LIS508

basic system administration

Thomas Krichel

2010-01-09

background

• now we have a functional system, what are we doing with it?

• What is the basic architecture?

• How to keep the box up to date?

• Basic troubleshooting.

troubleshooting

• 95% of all times, you can put an error message into your Google search box and get some meaningful advice

• If you don't than you have a rare problem. Rare problem are usually your own fault rather than a systemic issue with the software.

learning Debian

• Debian is impossible to learn.

• With 20,000 packages, you don't know what is in them to satisfy your needs.

• The best way to find out is go to a meeting with Debian-knowledgable folks and talk to them.

basic order

• logs

• time

• processes

• networks

• users

• disks

• system upgrade

/etc

• This contains the configurations

• If a packages is called foo, changes are that the configuration is in /etc/foo.conf or in /etc/foo/ somewhere.

• Every package is configured in a different way.

/usr/share/doc

• This very large directory contains documentation that comes with packages

• Much of this documentation is in compressed files.

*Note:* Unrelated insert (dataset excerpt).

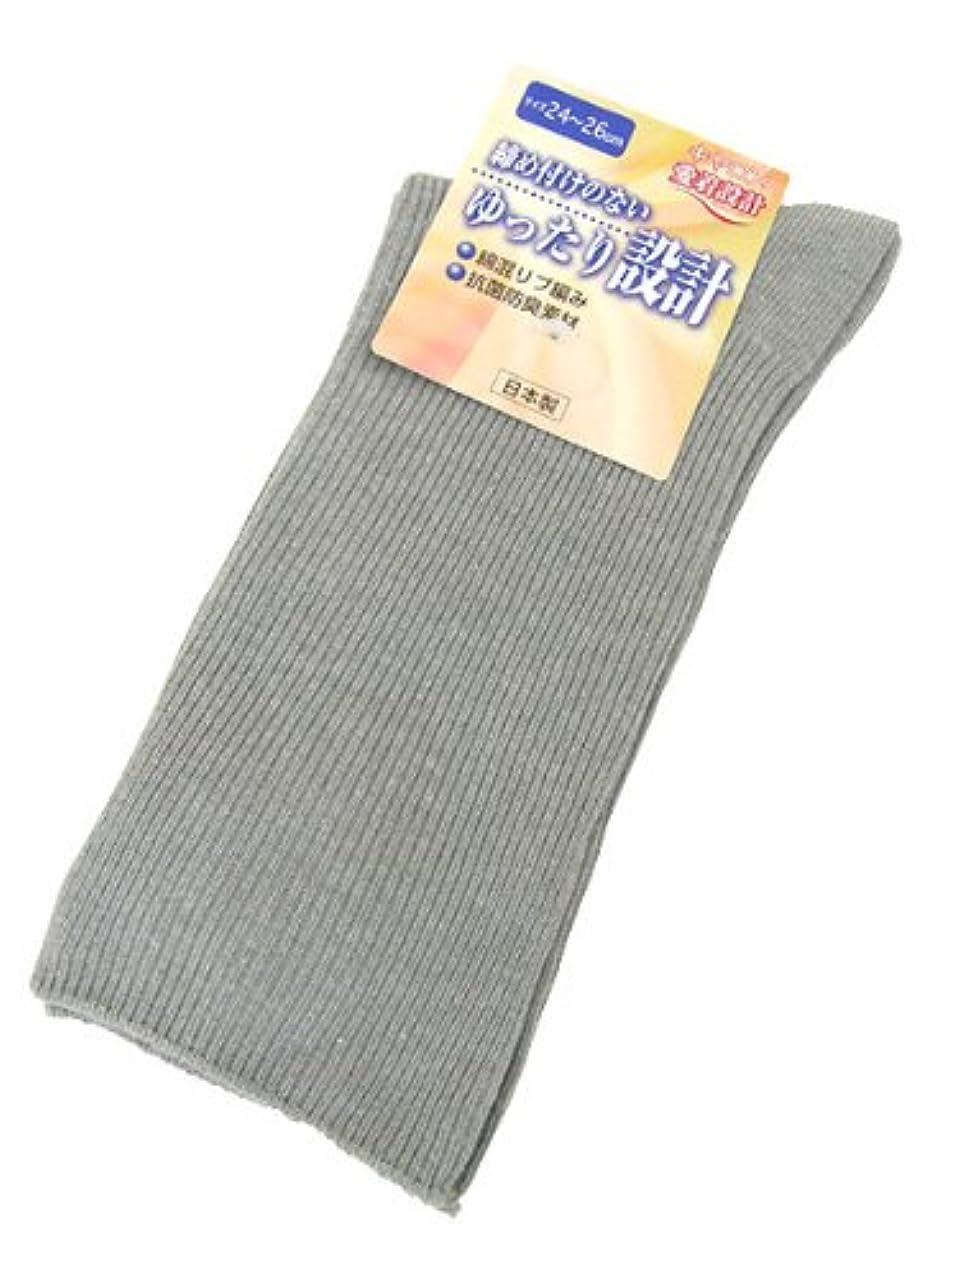 メンバー応用除外するゆったり設計ソックス綿混リブ 紳士用 ライトグレー

• Compressed files are understood by the extention .gz

• “zcat foo.gz” shows the file foo.gz

• “zcat foo.gz | less ” shows the file is less

/var/log

• This directory contains logs.

• When a package does not work as expected, looking at the logs is a good idea, usually.

• Some daemon programs log to /var/daemon.log

log permissions

• The current logs are usually readable by a person in the adm group.

• It is therefore a good idea to add the person that usually runs the machine to the adm group.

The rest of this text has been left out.